In a typical centrifugation bucket of the prior art, the centrifugation bucket is mounted on a centrifuge rotor by a hinge, allowing the bucket to pivot about a single axis in response to the forces of centrifugation. This allows the plates to be held parallel to the axis of rotation of the centrifuge once operational speed has been achieved. The only force produced by centrifugation during this time is a force acting normal to the surfaces of the plates. However, during starting and stopping of the centrifuge, tangential force components exist which act parallel to the surfaces of the plates and thus parallel to the interstice between the plates. These forces exist while the centrifuge accelerates from rest to its operating speed, and while the centrifuge decelerates from its operating speed to a resting position, and are produced by changes in rotational speed. The tangential forces tend to produce flow of liquid in the interstice between the plates and parallel to the surfaces of the plates. This presents a risk of contamination and loss of material.

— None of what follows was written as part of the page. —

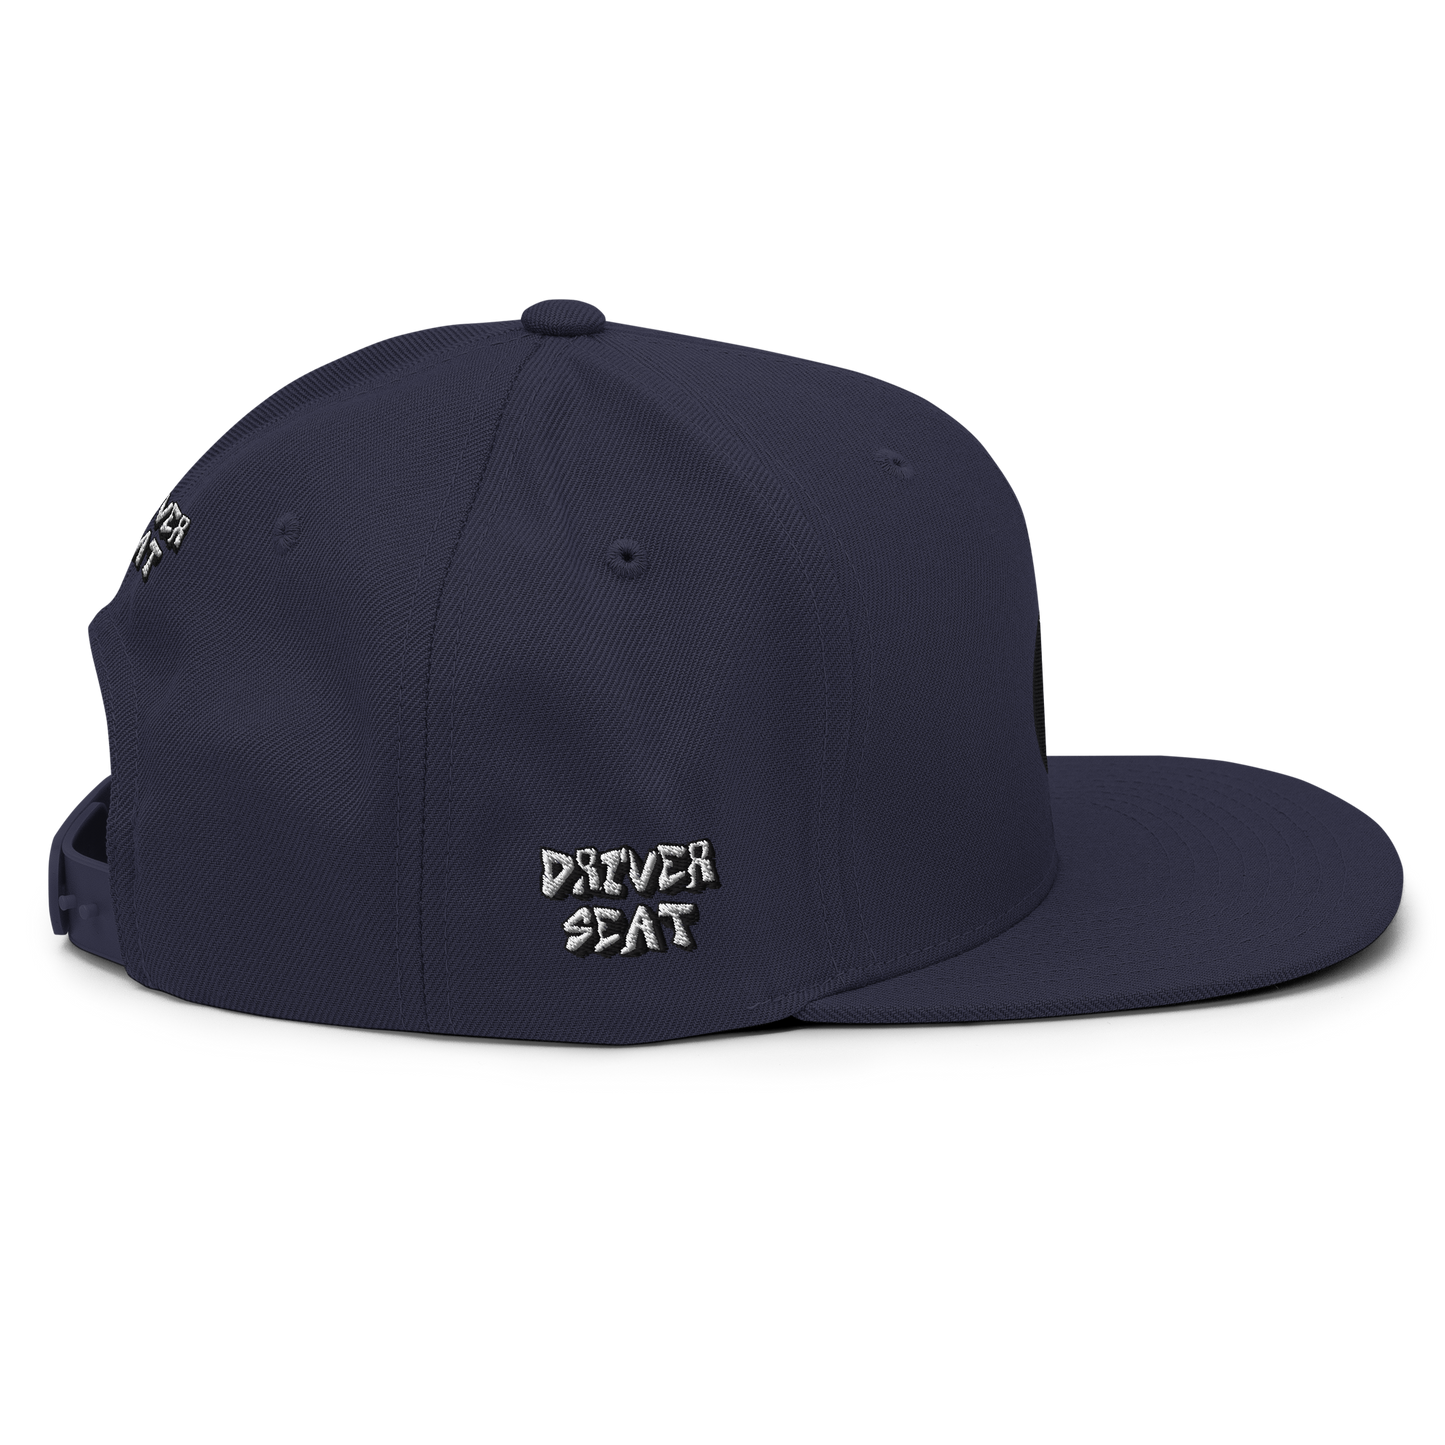 NBD Bimmer Hat Snapback - Navy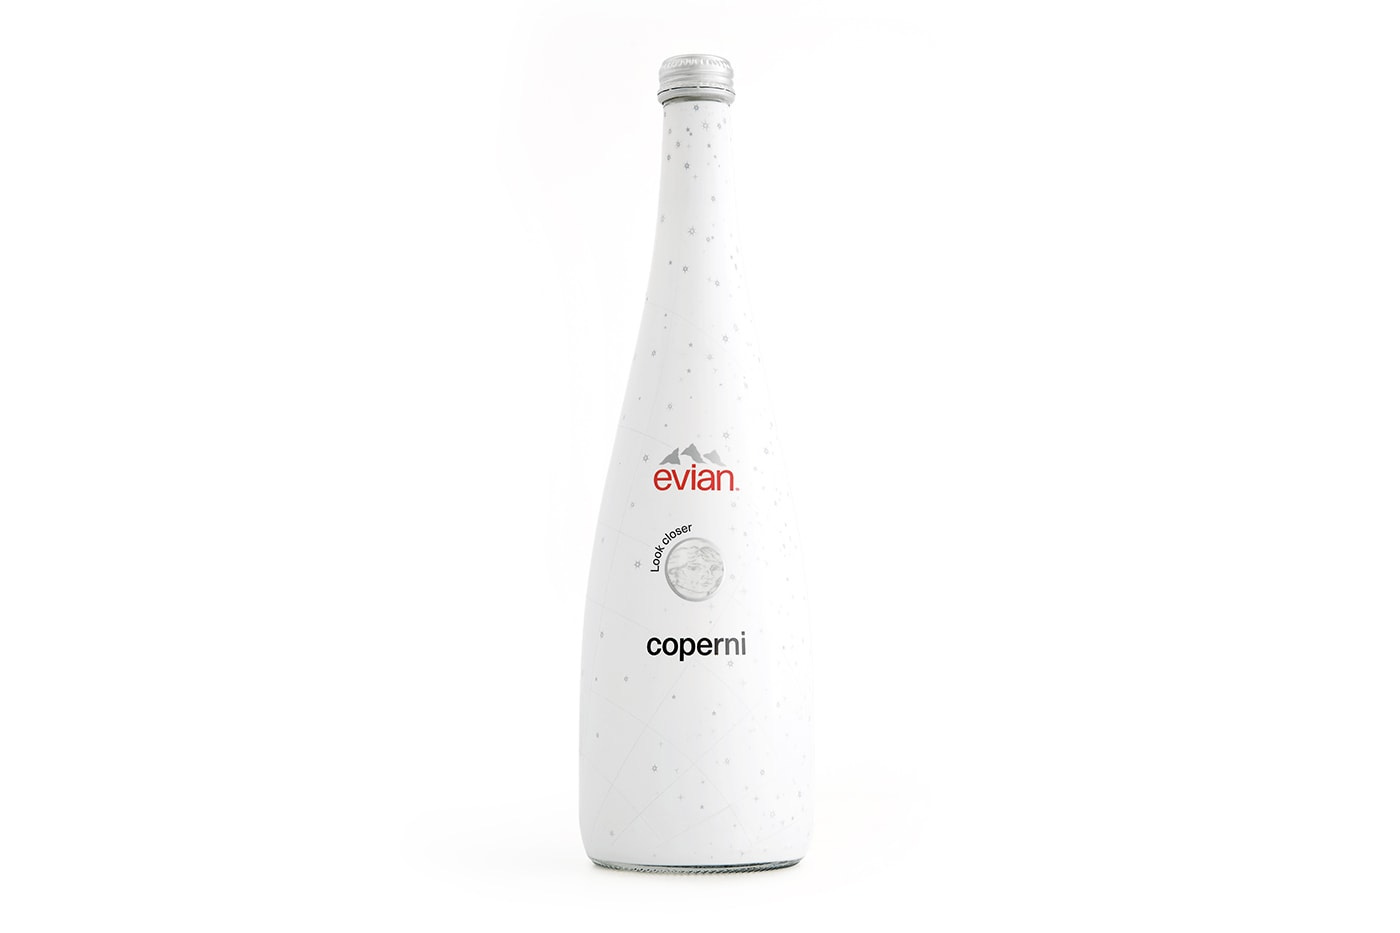 Coperni x evian Bottle Collaboration | Hypebeast

As noted above, a typical centrifugation bucket according to the prior art comprises a yoke which is free to pivot around a single hinge. When the centrifugation bucket is at rest, the yoke is in a resting horizontal position. When the centrifugation bucket is placed in a centrifuge and is accelerated to operating speed, the yoke swings upward under the influence of the centrifugal forces produced by the rotation of the centrifuge, and is held parallel to the axis of rotation by these centrifugal forces. The force produced by centrifugation under these circumstances is the normal force, which acts perpendicular to the plates. However, as the centrifuge is accelerated or decelerated, tangential forces acting parallel to the surfaces of the plates also materialize, and contribute to liquid flow between the plates. Because the centrifugation bucket pivots about a single hinge, it lacks sufficient freedom of movement to respond to both the normal force and the tangential force exerted during the centrifuging process.
There exists, therefore, a need in the art for an improved centrifugation bucket for use in centrifuging multi-well plates, which allows the plates to pivot so as to allow maximization of forces acting perpendicular to the plates and minimization of forces acting parallel to the plates.